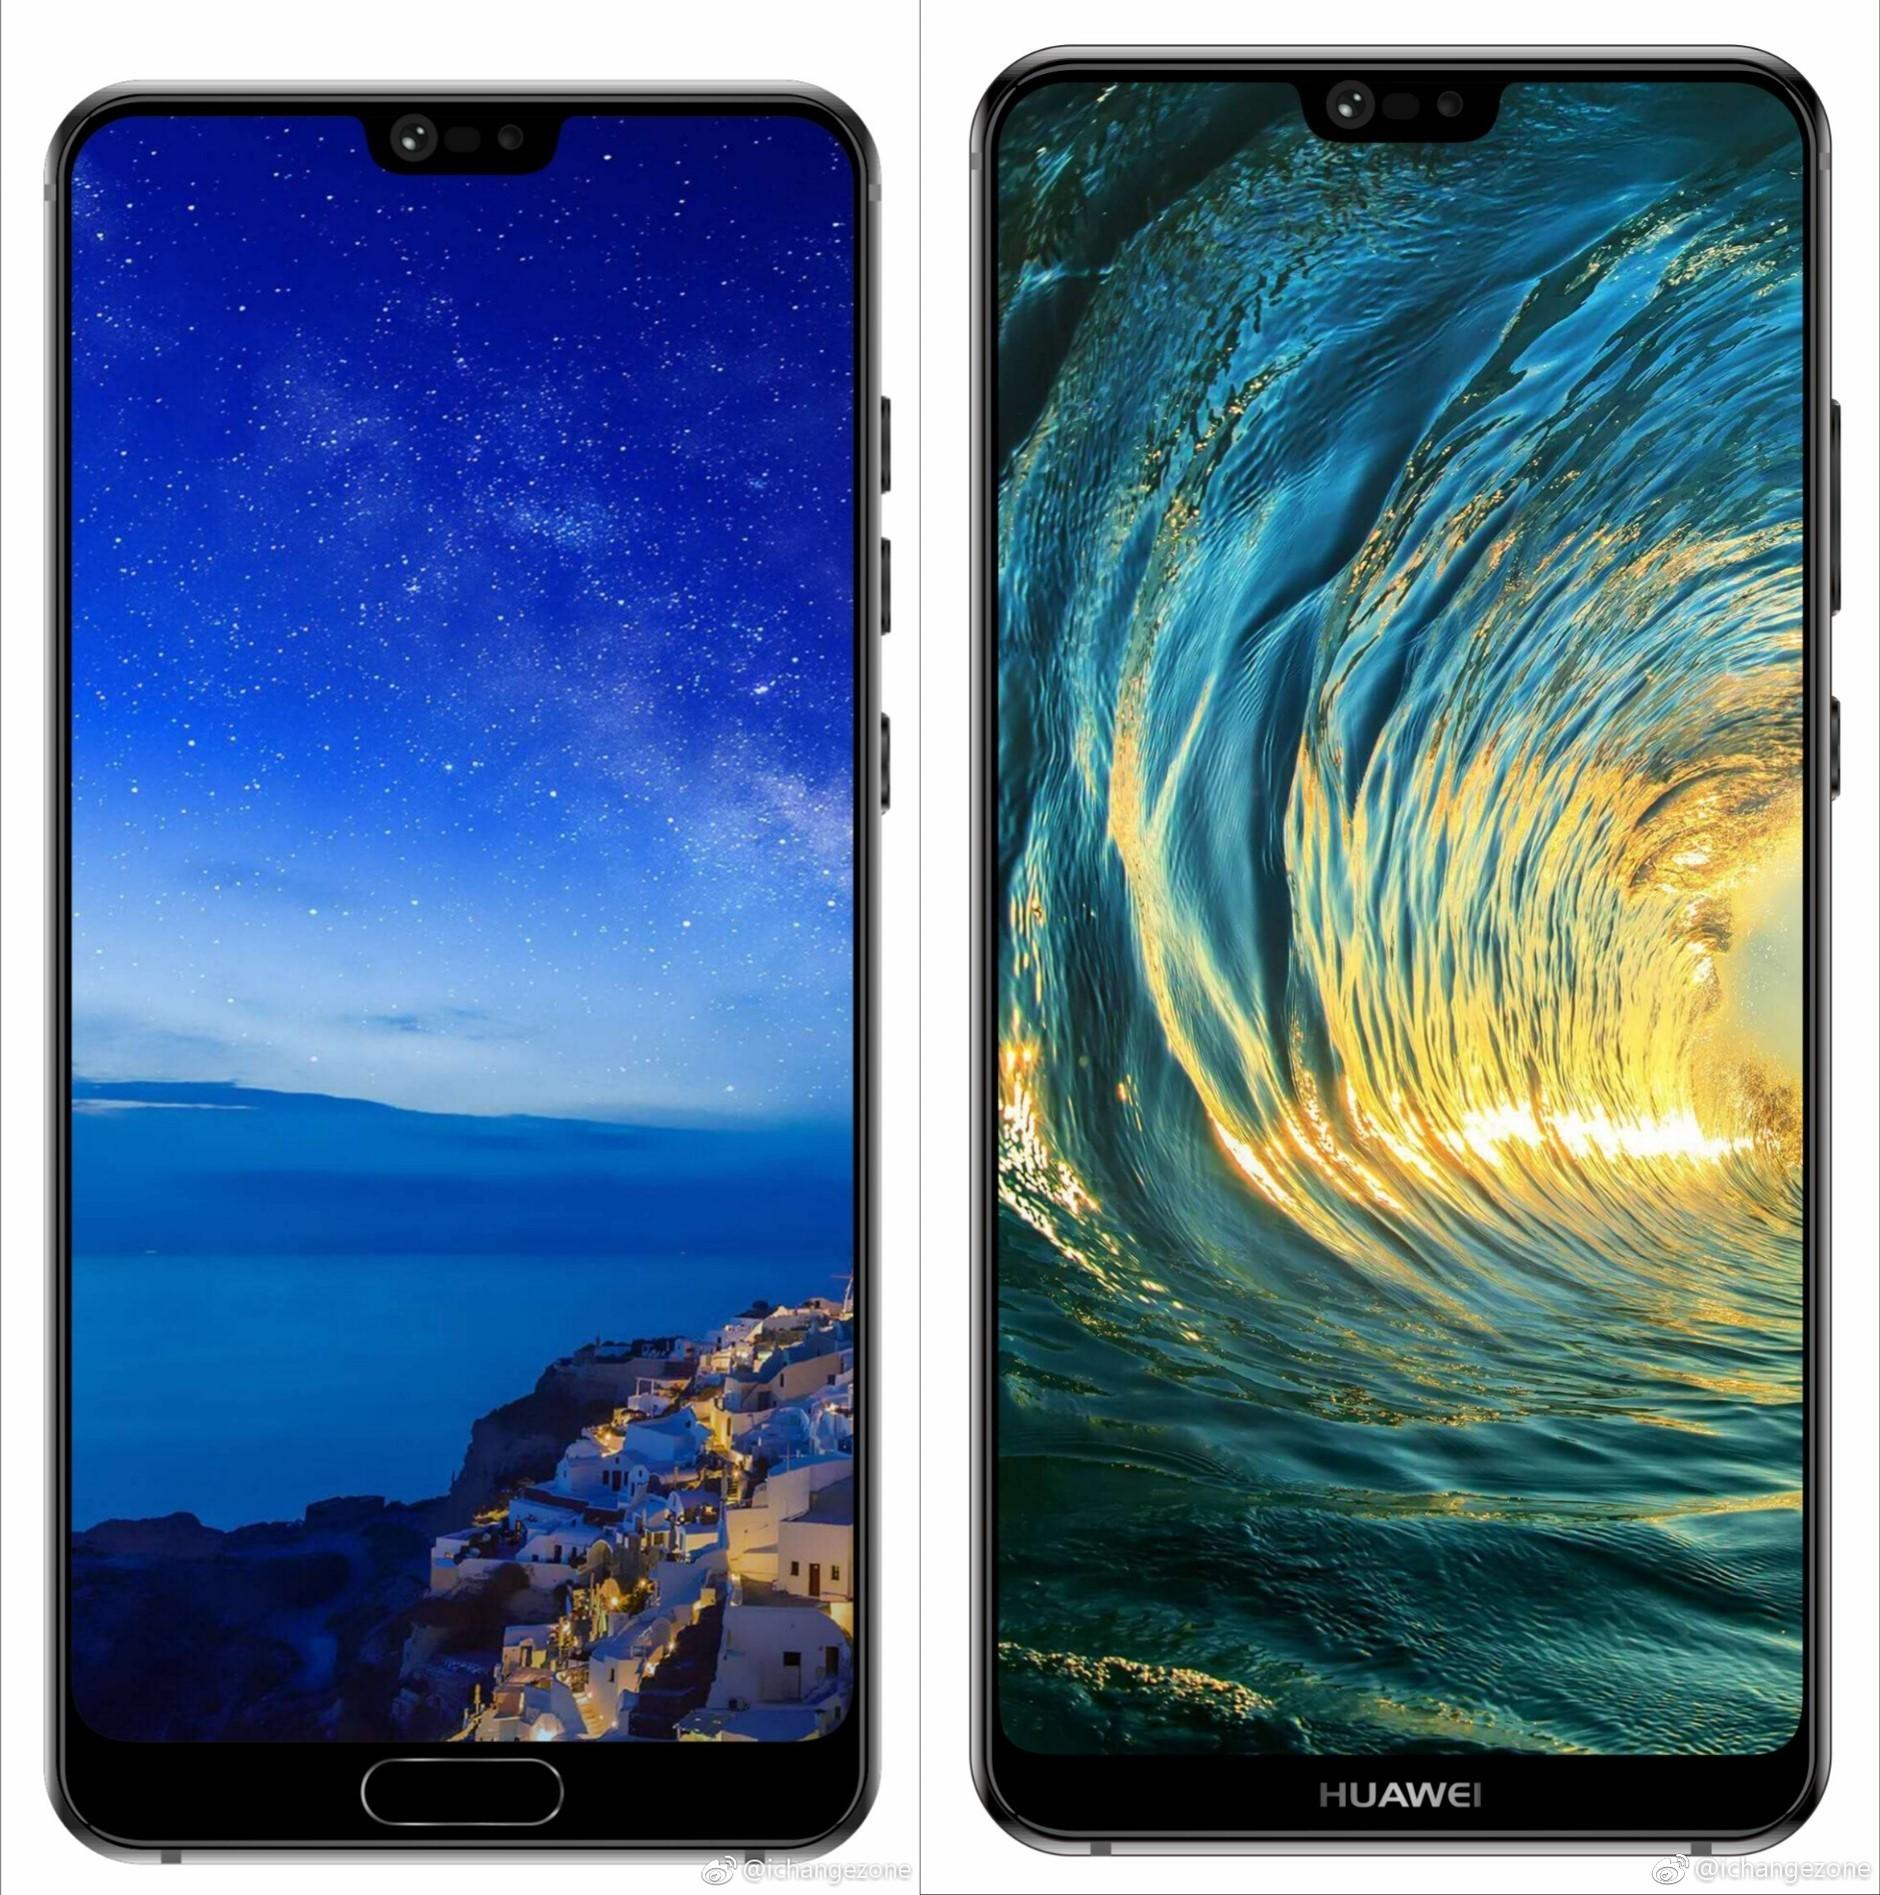 Huawei P20 and P20 Plus leak
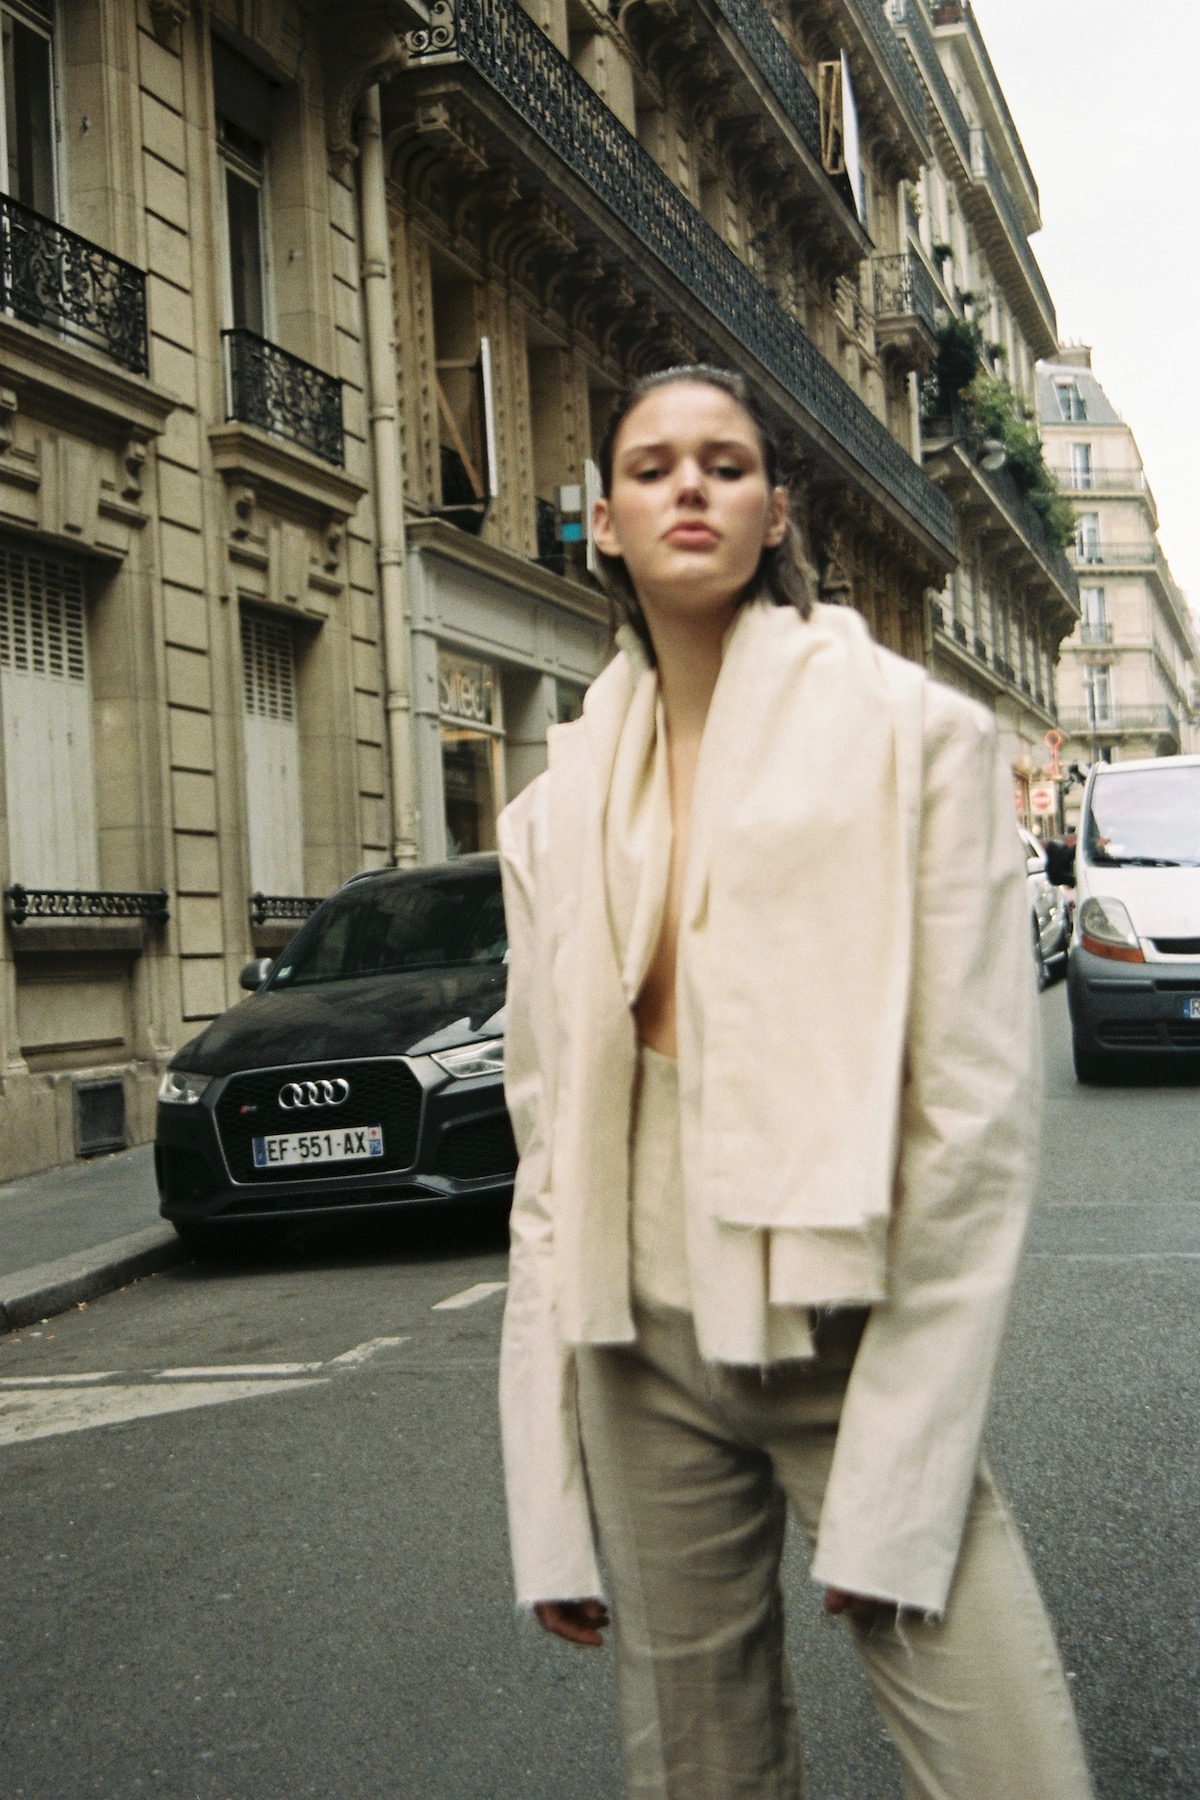 Teeth Magazine Online Emilie Carlach Fashion Film Photography Istituto Marangoni Paris Ophélie Berton
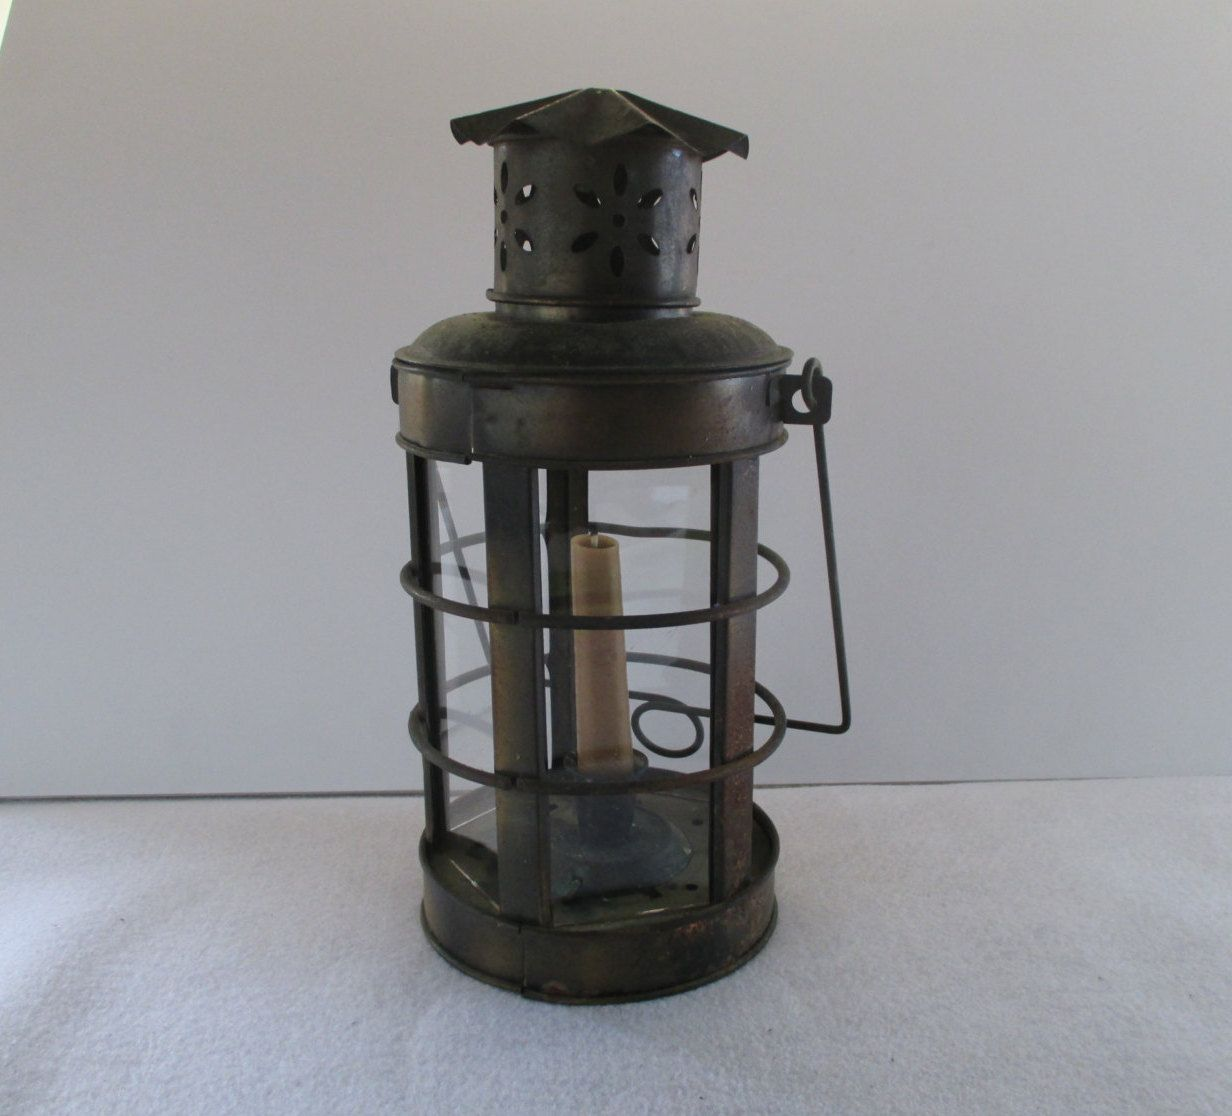 Candle Lantern, Metal Hanging Vintage, 5 Glass Sides, Porch Garden Party  Decor,

________

■ WHAT YOU HAVE TO DO:
Working from the line containing "Teeth Magazine Online" to the last line of the data, retype every line exactly, both ends included, and leave out all pictures.

■ SOLUTION TO THE PROBLEM:
 Teeth Magazine Online Emilie Carlach Fashion Film Photography Istituto Marangoni Paris Ophélie Berton
 Candle Lantern, Metal Hanging Vintage, 5 Glass Sides, Porch Garden Party  Decor,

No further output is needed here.